Home » Entertainment » Wayve’s GAIA-1: Advancing Autonomous Driving with Predictive World Models

Wayve’s GAIA-1: Advancing Autonomous Driving with Predictive World Models

Original title: Wayve demonstrates how GAIA-1 autonomous driving world model can predict events

DoNews reported on October 9 that Wayve, a British AI startup, recently announced the latest progress of its GAIA-1 generative model.
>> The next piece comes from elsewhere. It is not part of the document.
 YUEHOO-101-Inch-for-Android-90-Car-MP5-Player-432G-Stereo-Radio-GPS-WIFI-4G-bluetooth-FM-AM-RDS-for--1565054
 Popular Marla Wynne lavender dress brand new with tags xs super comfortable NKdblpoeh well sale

According to IT House reports, in June, Wayve established a proof-of-concept for using generative models for autonomous driving. In the past few months, Wayve has continued to expand GAIA-1 to have 9 billion Parameters, it can generate realistic driving scene videos, show the “reaction of autonomous driving in various situations”, and better predict future events.
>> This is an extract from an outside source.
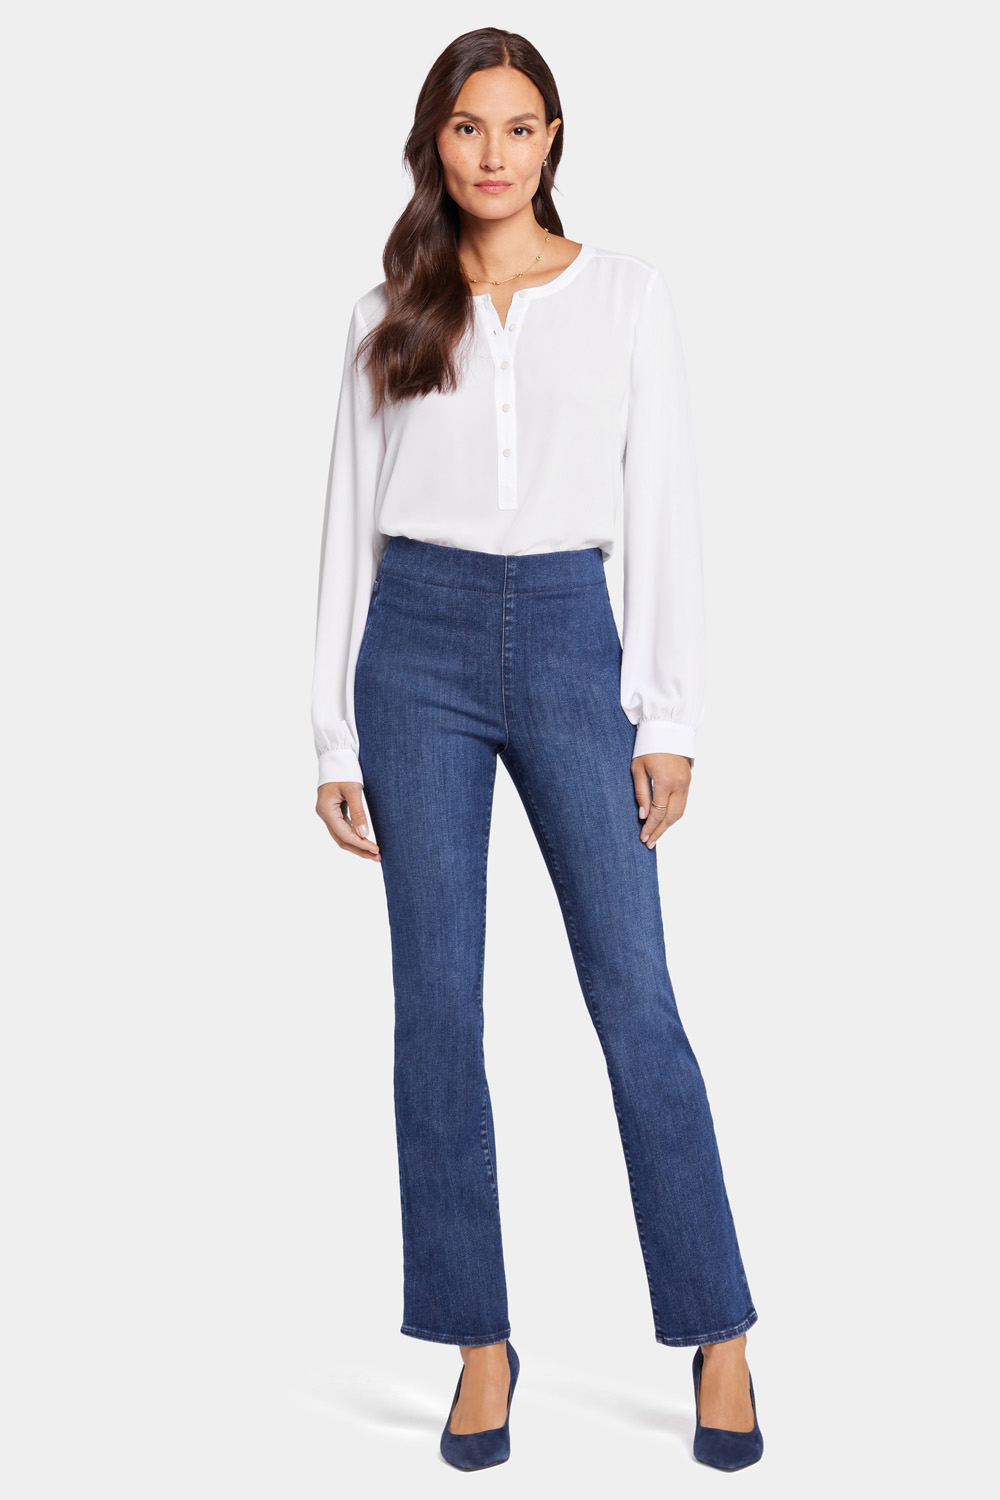 Women's Petite Wide Leg Jeans - Pull-On, Ankle & More

GAIA-1 is a world model that can use different types of data, including video, text and motion, to create realistic driving scene videos.

GAIA-1 enables detailed control of autonomous vehicle behavior and scene characteristics and, due to its multimodal nature, is able to generate relevant videos from multiple cueing modes and combinations.
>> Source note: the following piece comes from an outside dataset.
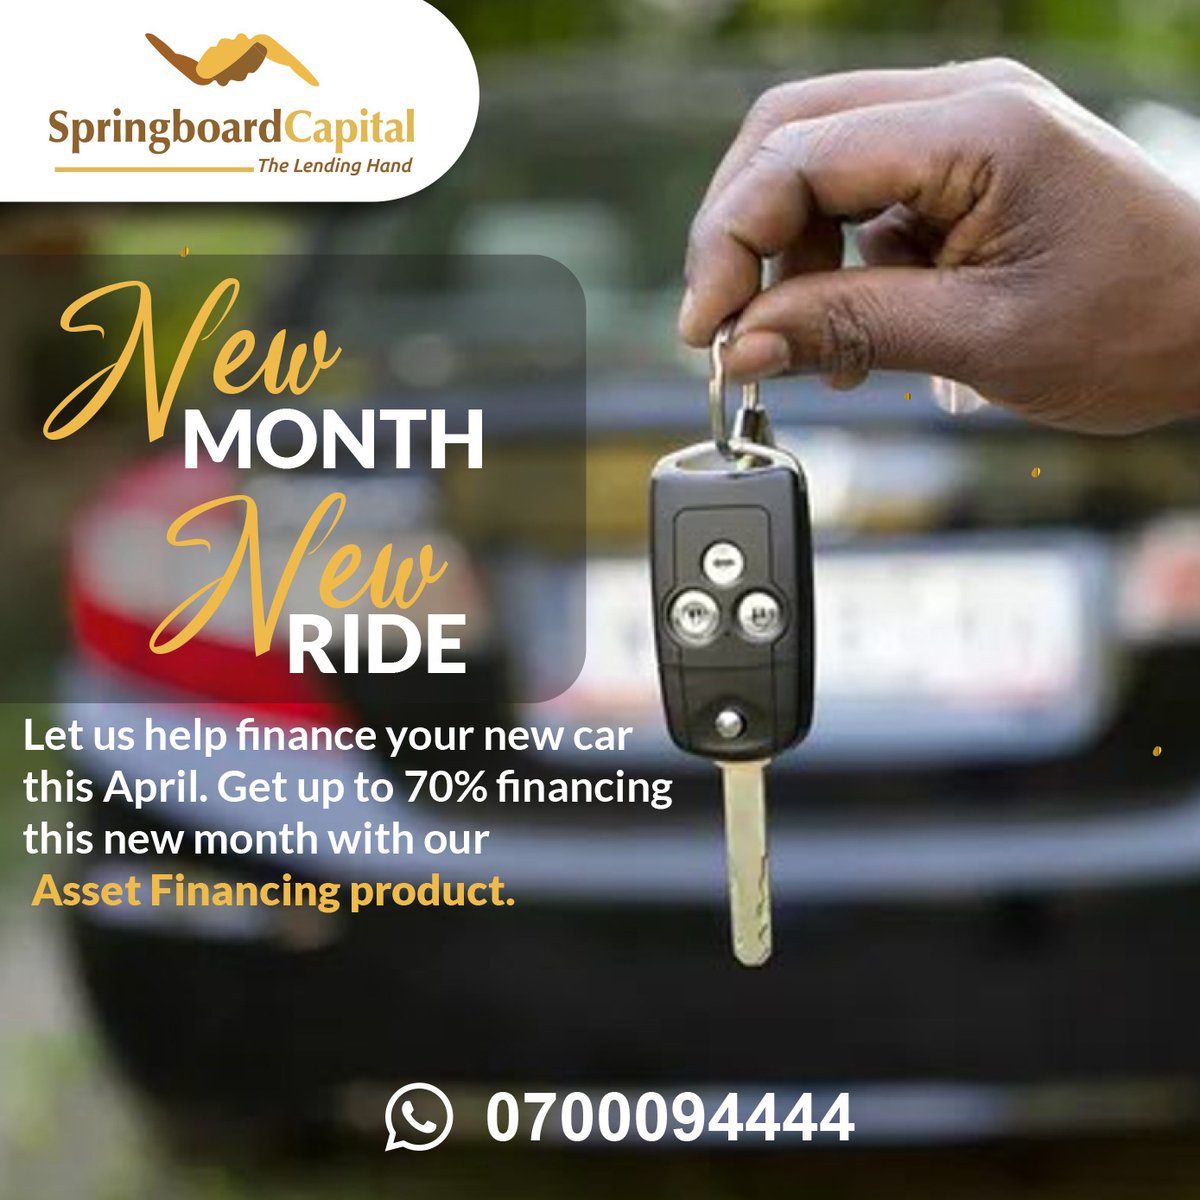 Enjoy this new month in your new vehicle!😃🚗Get upto 70% financing for your new motor vehicle with our Asset financing product.💸 To apply, visit or website: springboardcapital.co.ke/asset-financin… or Call/ WhatsApp 0700094444 today. #SBC #TheLendingHand #AssetFinancing #Loan #LogbookLoan

Officials mentioned that GAIA-1 can learn from the environment to provide a structural understanding of the environment and assist the autonomous driving system in making wise decisions.

“Predicting future events” is the basic key capability of this model. Accurate prediction of the future can allow autonomous vehicles to know upcoming events in advance, thereby planning corresponding actions and increasing the safety and efficiency of cars on the road.

It is reported that GAIA-1 will first use a specialized encoder to encode various forms of input such as videos or text into a shared representation, thereby achieving unified timing alignment and context understanding in the model. This encoding method, Allowing models to better integrate and understand different types of inputs.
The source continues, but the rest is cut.